Mhhh, warum habe ich denn da 2x _public Stadt_. Einmal mit einem und einmal mit zwei Attributen? Wozu brauch ich die denn? 



> public Stadt(String n){
> name=n;
> }
> 
> ...


----------



## guddde_laune (22. August 2007)

Aber ist der Code überhaupt eine Adiazenliste? Wir erstellen ja nur einen String und zeigen mit einem Vektor an einen anderen. Wir müssten zu jeder Stadt doch eigentlich eine Liste modeliieren!


*München --> Nürnberg --> Salzburg
.
.
Nürnberg -->München
.
.
Salzburg --> München*

?!:suspekt:


----------



## guddde_laune (22. August 2007)

oder nicht?


----------



## dto (22. August 2007)

nein du kannst dir das wie eine verkette Liste vorstellen also eine Instanz(erzeugtes Objekt)  stellt deine Stadt dar und er verwaltet in der Liste Städte zu denen er Verbindung hat.
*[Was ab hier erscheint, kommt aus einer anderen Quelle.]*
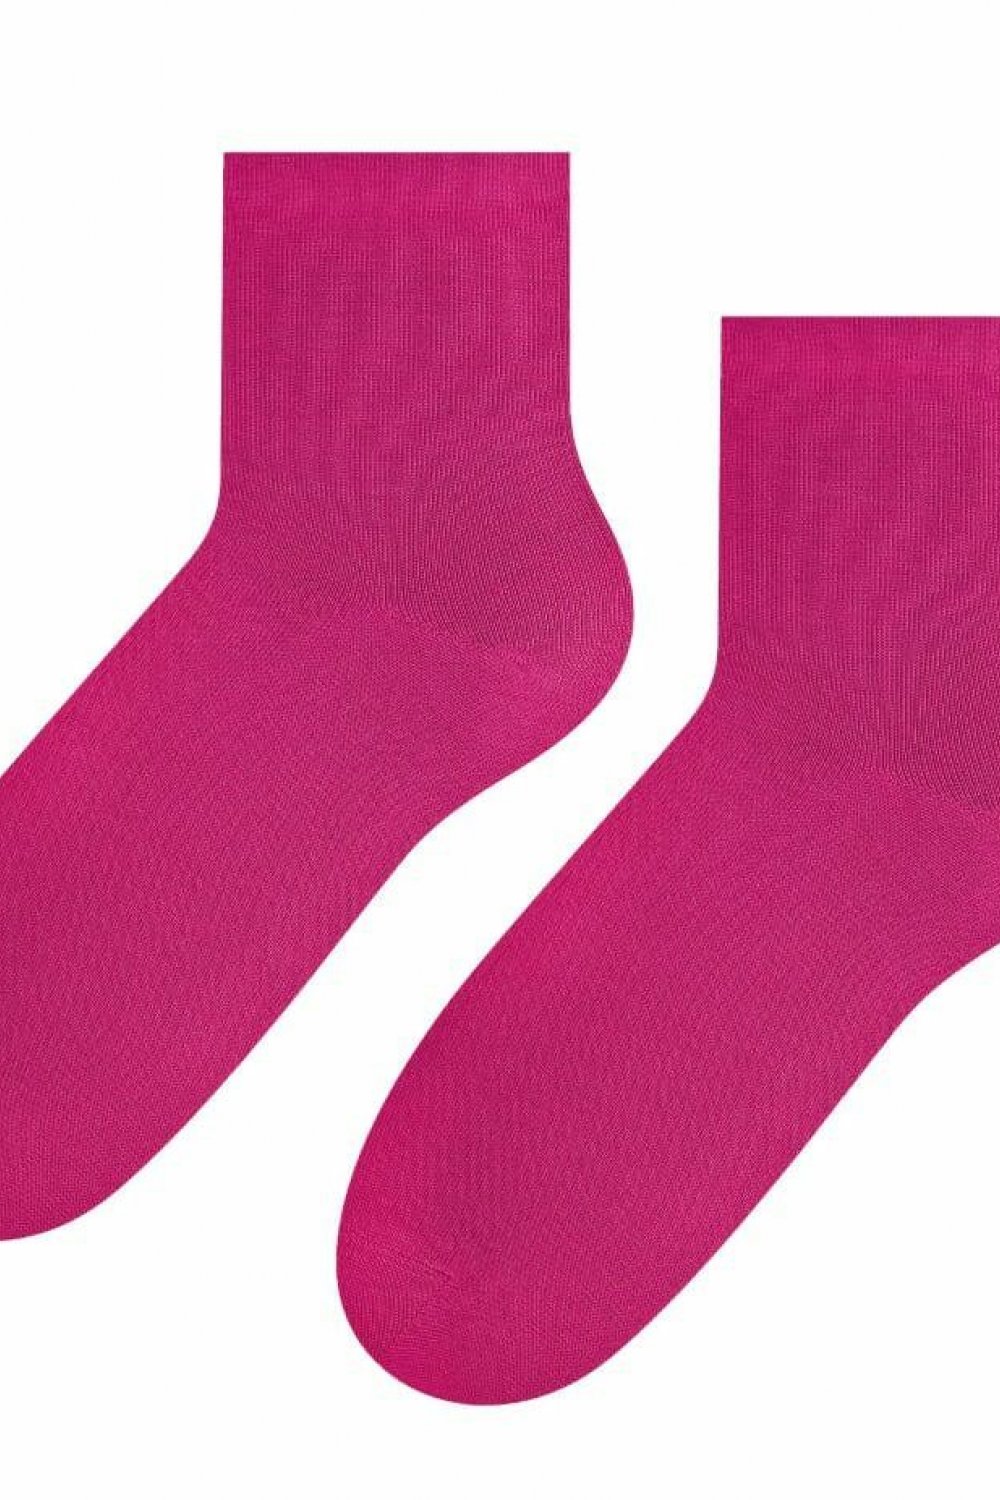 Șosete și ciorapi de damă 037 pink

Also alle Städte zu denen er Verbindung hat müssen in der Liste stehen.

dann kannst du dir von jeder Stadt die Liste holen und und aus der Liste die Städte-->Namen oder von diesen Städten wieder die Liste.

Du musst dir natürlich die Struktur selber aufbauen.

Der java.util.Vector aus dem Grund das die Verwaltung nicht begrenzt ist

und zweimal  public stadt sind  2 verschiedene Konstruktoren .

wenn du nicht klar kommst sag bescheid


----------